Bechtel National expects in the next few months to fill up to 300 jobs at the Waste Treatment Plant it is building at the Department of Energy’s Hanford Site in Washington state.
The hiring comes as the contractor continues to shift from primarily construction to preparations for waste processing by a federal court-enforced deadline of 2023, if not earlier. It also comes as the Energy Department has started a fiscal year with an appropriations bill signed into law for the first time in at least eight years, giving contractors more funding certainty early in the budget cycle. Fiscal 2019 began on Oct. 1.
“We continue to make significant progress toward completing portions of the vit plant for the direct feed low-activity waste (DFLAW approach),” said Bechtel spokesman George Rangel. “As the DFLAW work scope continues the shift into the startup, testing and commissioning phase, more positions are being hired to support the work.” Work also is resuming on the design of the WTP’s High-Level Waste Facility, he said.
Fifty-six million gallons of chemical and radioactive waste are stored in underground tanks at Hanford, left behind by the site’s prior history of plutonium production for U.S. nuclear weapons. The Waste Treatment will convert much of that material into a glass form for permanent disposal.

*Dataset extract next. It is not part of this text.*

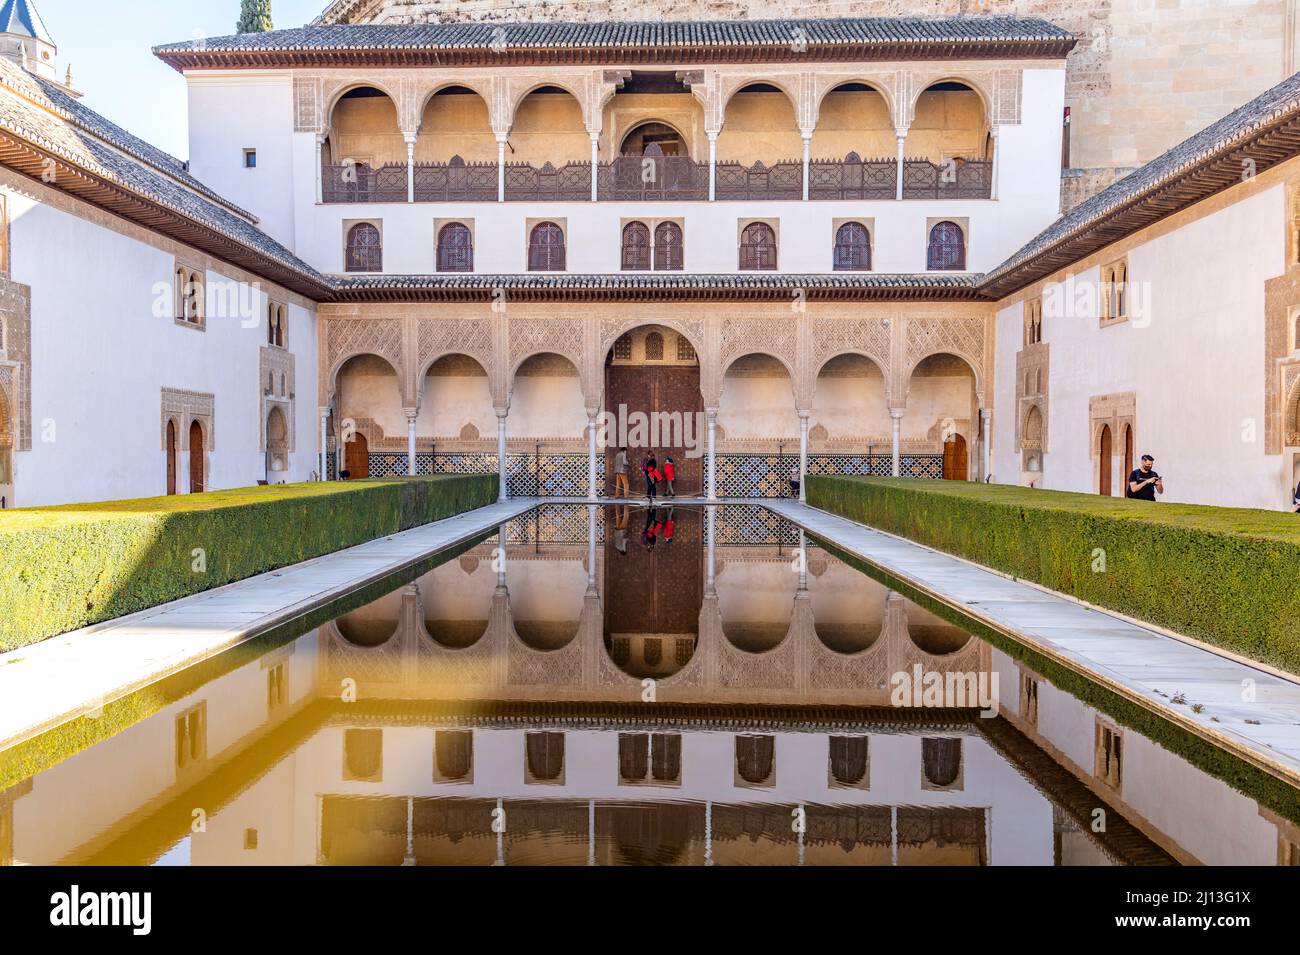 Der Myrtenhof, Welterbe Alhambra a Granada, Andalusia, spagnolo | la Corte dei Mirti, patrimonio mondiale dell'Alhambra a Granada, Andalusia, Spagna Foto Stock

Due to technical issues identified in 2012 on the parts of the plant that will treat high-level radioactive waste, the Energy Department plans to begin processing with low-activity radioactive waste. The plant is not required to start full operations, including both the Pretreatment Facility and High-Level Waste Facility, until 2036.
Bechtel plans to fill engineering jobs, including workers with expertise in electrical, nuclear, and systems engineering. Workers also will be hired for procurement and subcontract work, including supplier quality, purchasing, and subcontract administration, and for startup operations. Present and future job openings will be posted at the Hanford vit plant website, under the Careers tab.
There are currently about 2,800 workers at the plant.